"Военный летчик" - читать интересную книгу автора (Экзюпери Антуан Де Сент)

II

Я пробуждаюсь от своих мечтаний. Майор удивляет меня странным предложением:

— Если у вас уж очень душа не лежит к этому заданию… если вы сегодня не в форме, я могу…

— Что вы, господин майор?

Майор прекрасно знает, что предложение его нелепо. Но когда экипаж не возвращается, все вспоминают, как мрачны были лица людей перед вылетом. Эту мрачность объясняют предчувствием. И корят себя за то, что не посчитались с ней.

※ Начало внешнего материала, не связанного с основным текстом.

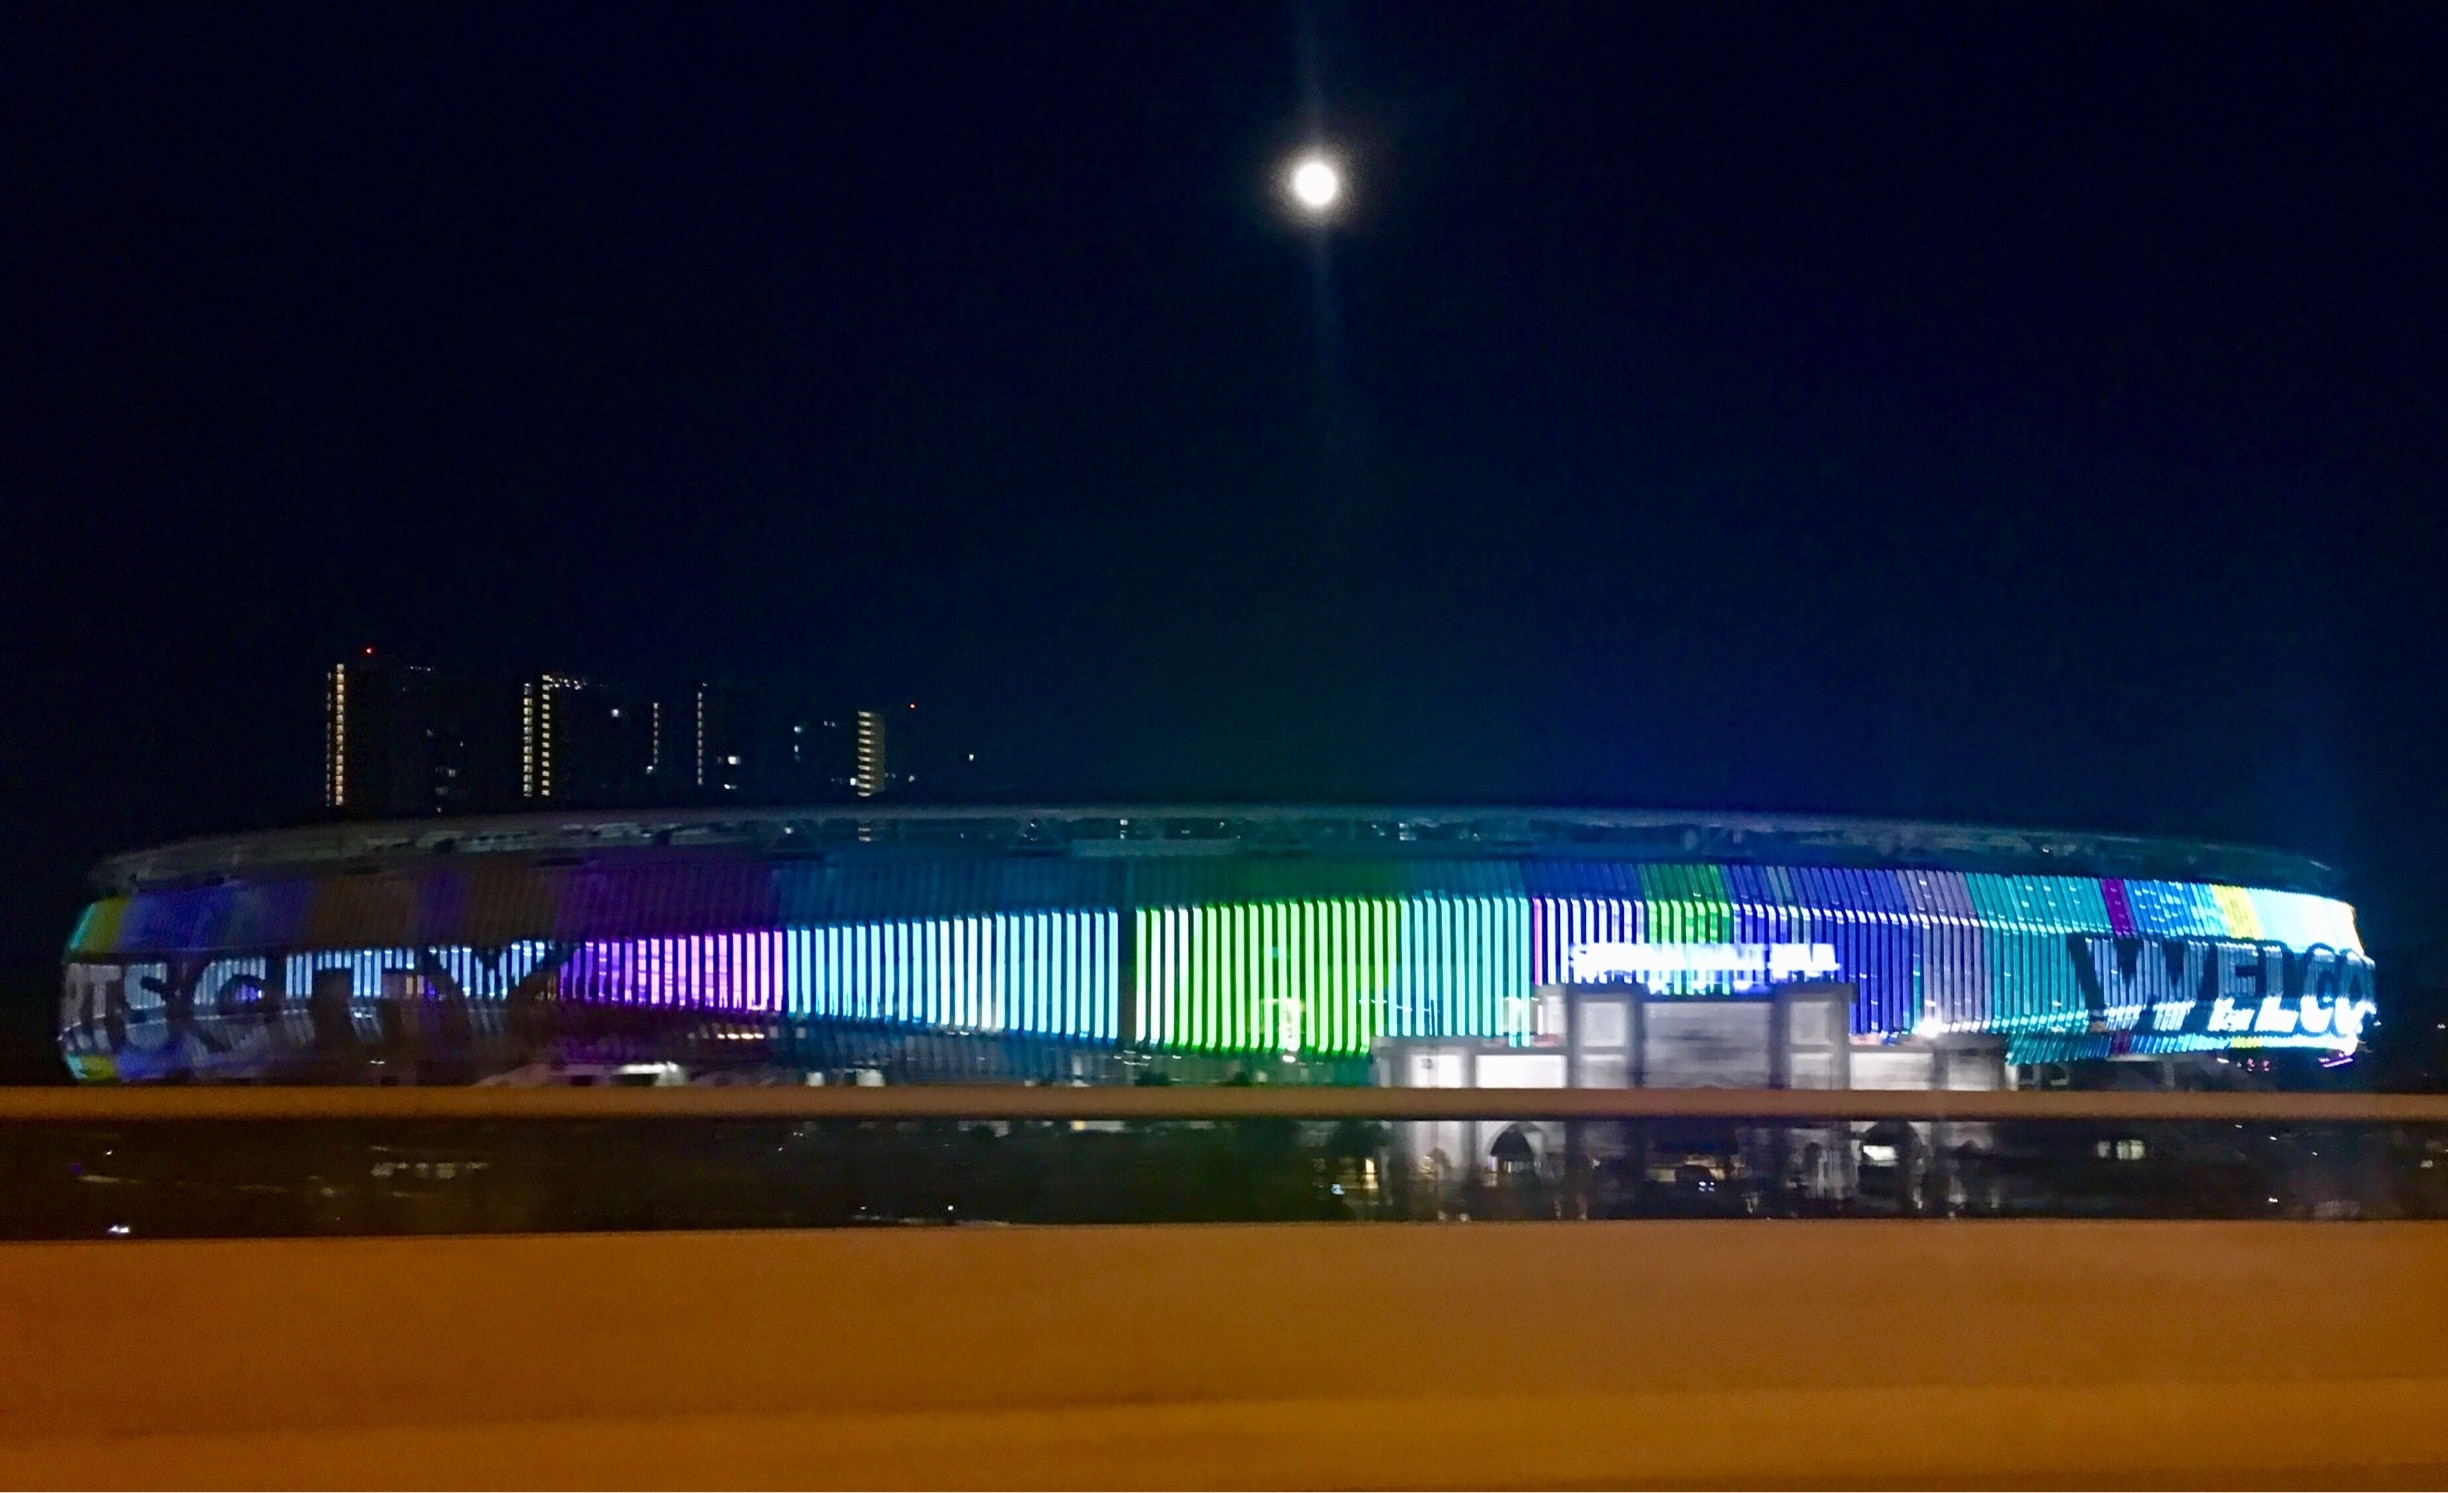 The playful display of colourful LED lights illuminate KL Sports City as the full moon illuminates the sky above it. #klsportscity.my #stadium_bukitjalil #dusk #led display #led #kualalumpur #malaysia #travelblogger #mariadasstheworld

Колебания майора напоминают мне об Израэле. Позавчера я курил у окна в отделе разведки. Из окна я увидел Израэля. Он куда-то спешил. Нос у него был красный. Длинный нос, очень еврейский и очень красный. Меня вдруг поразил красный нос Израэля.

К Израэлю, нос которого показался мне таким странным, я питал чувство глубокой дружбы. Он был одним из самых отважных летчиков в нашей группе. Одним из самых отважных и самых скромных. Ему так много говорили о еврейской осторожности, что свою отвагу он принимал за осторожность. Ведь это же осторожно — быть победителем.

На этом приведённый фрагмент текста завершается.